Biocapacity, on the other hand, is the productive area that can regenerate all those goods and services which people demand from nature. Comparing biocapacity to the Ecological Footprint then allows us to assess how [un]sustainable our economy is.
Since area productivity varies around the world, it is measured in a standardized unit called “global hectares,” productivity-adjusted hectares. This makes areas globally comparable. For instance, if a hectare produces only x% of the world average, it is counted as x% of a global hectare.

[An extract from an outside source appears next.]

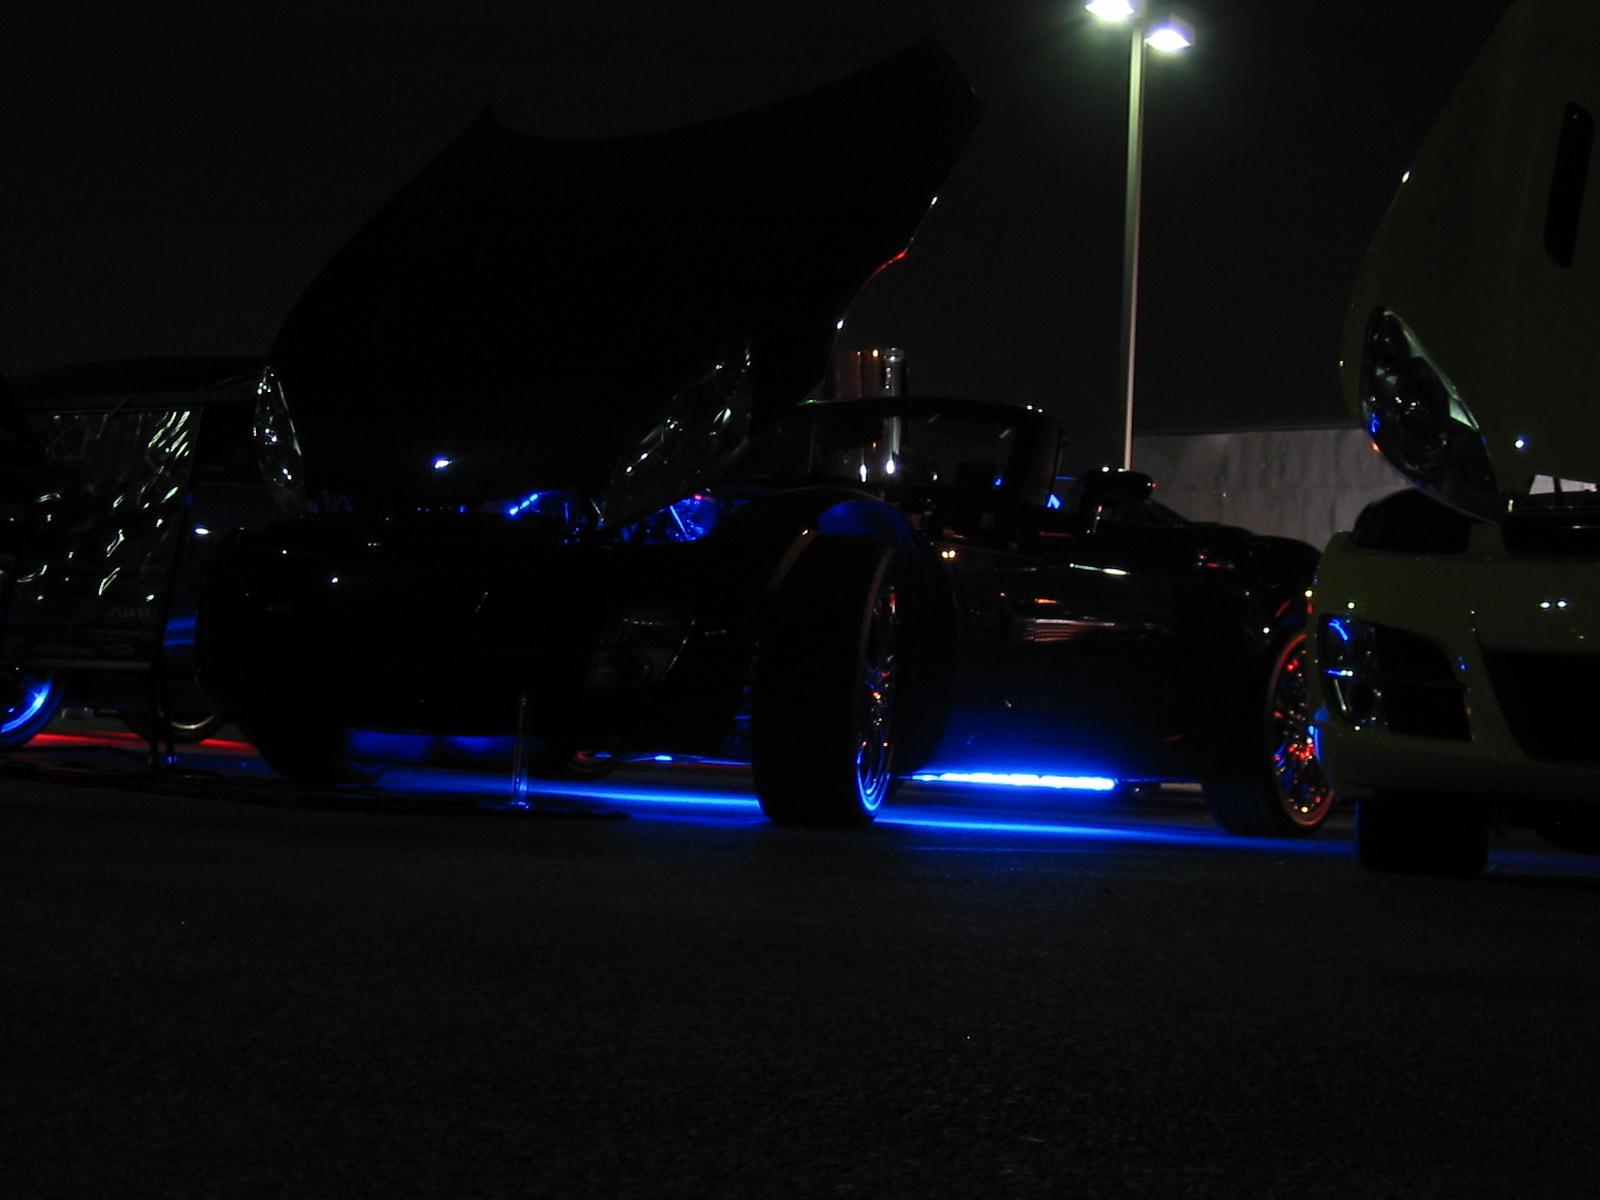 Under neon lights

Through this accounting, all competing demands on nature (although not all environmental problems) can be compared. The same is true on the biocapacity side where the regenerative capacity of the land of any country or region can be compared against another.
The Carbon Footprint
The carbon component of the Ecological Footprint—which we call the carbon Footprint—measures the area of forestland that is required to absorb all the carbon emissions from human activity in excess of what the oceans already absorb (the carbon Footprint can also be expressed in tonnes of CO2 emitted). Currently, the carbon Footprint makes up 60% of humanity’s Ecological Footprint. It is inextricably linked to the other components of the Ecological Footprint—cropland, grazing land, forests and productive land built over with buildings and roads—since all these demands compete for space, as mentioned above.
Also consider: Two hundred years ago, the carbon Footprint was essentially zero. To reach the 2°C climate change target stipulated by the Paris Agreement, the carbon Footprint worldwide has to be zero well before 2050, and even earlier with a 1.5°C target.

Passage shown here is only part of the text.